Before we get to the core question here, it's just incredible that one of the reasons the court found in favor of Hobby Lobby was that the company didn't want to pay for insurance that would pay for "drugs and devices that the plaintiffs believe to be abortifacients." But what they believe is utterly irrelevant. One of the methods they object to is Plan B, the morning-after pill. But Plan B isn't an abortifacient. The plaintiffs can choose to "believe" that it is if they want, but they're asking that the state accept their belief as if it were true just because they believe it, and thereby exempt them from obeying the law. In effect that creates a justification for anyone who wants to ignore the law to create their own factual universe, then use that invented universe to say they're exempt from the laws everyone else has to follow. If you get caught by a speed camera going 50 in a 35 zone, you can't say, "Your honor, I believe that all speed cameras automatically register cars as going 15 miles per hour over their actual speeds. Therefore, I was going 35, and I am exempt from this fine."
This is not the last challenge we're going to see to this part of the ACA; there are going to be many other companies coming forward to say, "We're Christian, so therefore the law doesn't apply to us." But just think for a moment about the principle they're using to justify that position. There isn't any question about the constitutionality of this provision of the ACA. It was passed by Congress and signed by the President. It's the law of the land. But these private companies are saying that they have the right to choose which laws they obey, simply by saying "It's my religion."

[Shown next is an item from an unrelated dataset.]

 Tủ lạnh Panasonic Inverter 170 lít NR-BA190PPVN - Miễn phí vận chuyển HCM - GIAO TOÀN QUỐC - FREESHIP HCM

To put this in context, the law doesn't distinguish between "real" religions and fake religions, and properly so. One of the reasons we have the religious freedom we do in America is that the founders didn't want to set up a system like the one that existed in Europe, where there was a single state religion and none others had protection. So if you want to get married by a clergyman from the Church of Holy Toenail, you might have to fill out some extra paperwork, but you'll be able to do it.
And that means that if we apply this rationale more broadly, anyone, whatever religion they claim to believe in, should be able to declare themselves exempt from any law they don't like. And what's more, they don't even need any evidence from their religious tradition or texts to justify it. You know what the Bible says about contraception? Absolutely nothing. Not a word. But along the way, some Christians decided that God disapproves of contraception, even though most Christians use it. So now anyone can declare that their religion, i.e. their personal interpretation of their religion, has a greater legal force than actual laws.
I have to pay taxes? Sorry, I'm a Hindu, so I think taxes are an abomination unto the Lord. Sure, there's no justification for that position in any Hindu text, but the Bible says nothing about contraception either, and Christians are getting an exemption for that, so I decided that Hinduism forbids tax paying. You caught me breaking into my neighbor's garage and stealing his nice new 18-volt cordless drill? Well, I'm a Buddhist, and I believe that private property is an impediment to enlightenment, so what's his is mine. The zoning laws in my neighborhood forbid retail establishments? Sorry, I'm a member of the Church of the Homemade Energy Bar, which mandates that all adherents sell energy bars out of their homes, so the zoning rules don't apply to me.
I only skimmed the decision in this case, so maybe there's something there I missed that makes this seem less appalling. But religious organizations get all kinds of special treatment from the government as things stand today, and what the plaintiffs in this case (along with their supporters) seem to be arguing is that religious people ought to enjoy a special privileged status that puts them above the law.